His recent project Primitive was developed during Weerasethakul’s visit to northeast Thailand near the Laotian border while conducting research on his latest feature film Uncle Boonmee Who Can Recall His Past Lives. During the research, he came across the sleepy village of Nabua, which had once been designated a “red zone” and hence the target of fierce oppression, fighting and violence in the Thai government’s attempts to eradicate Communist sympathizers in the 1960s through the 1980s. As a result, the village is devoid of men as many villagers were either killed or had fled to the forest. Those who remained were mainly women. This reality of Nabua, known as a “widow town,” is echoed in a local legend about a widow ghost who abducts men who enter her domain.

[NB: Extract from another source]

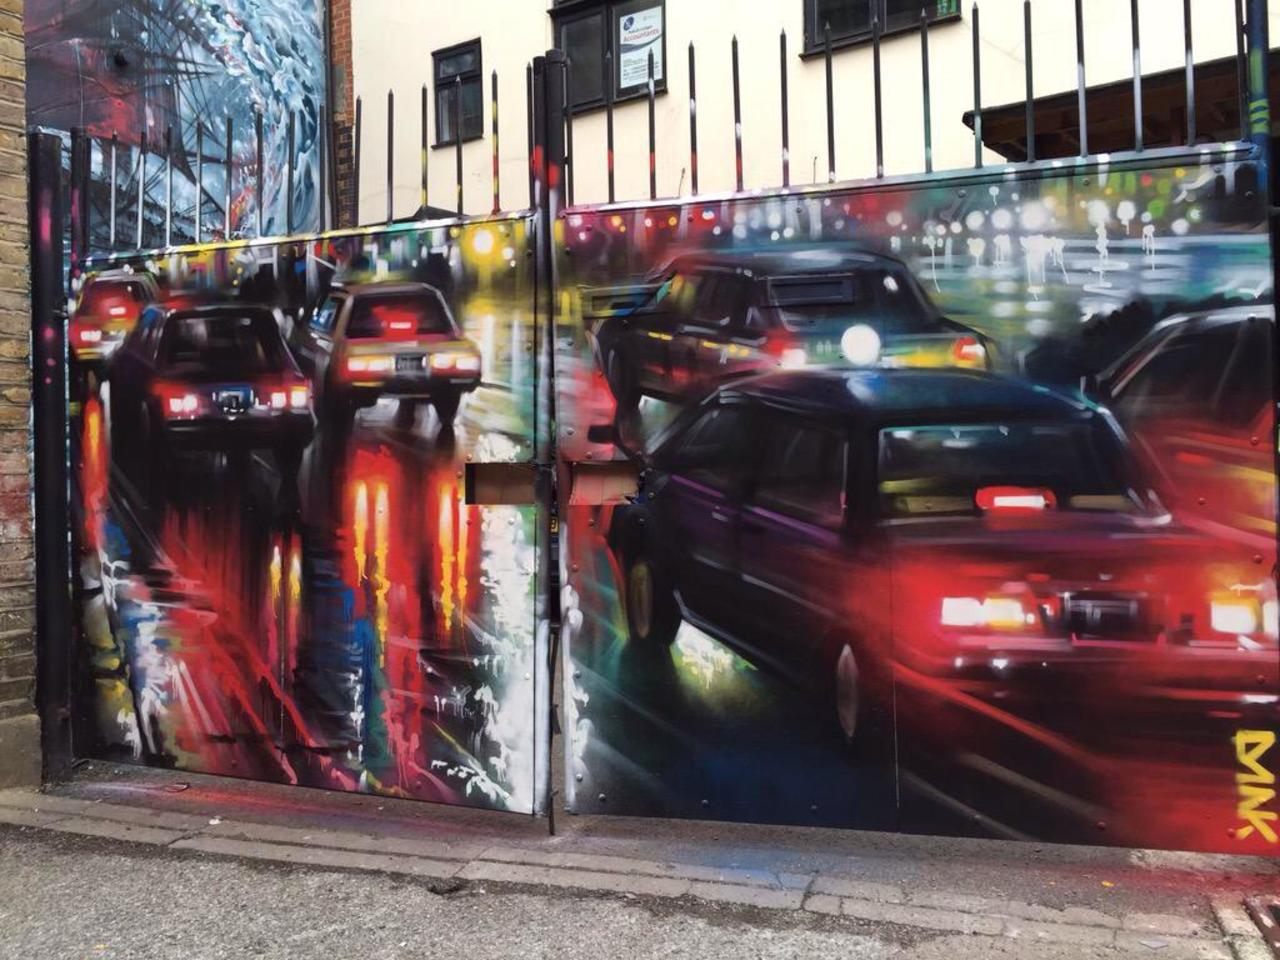 New Street Art by DanKitchener in Brick Lane London 

#art #graffiti #mural #streetart http://t.co/BKylxBamKj

Weerasethakul’s Primitive re-imagines this terrain by creating various fictional scenarios in order to implant memory into a context that was stripped of it. The multi-platform work consisting of video projections, photographs, sculpture and synchronized sound conjure a dreamscape in the jungle, following the imagined male descendants of the Communist farmers as teenagers who lead a journey into fabricated memories.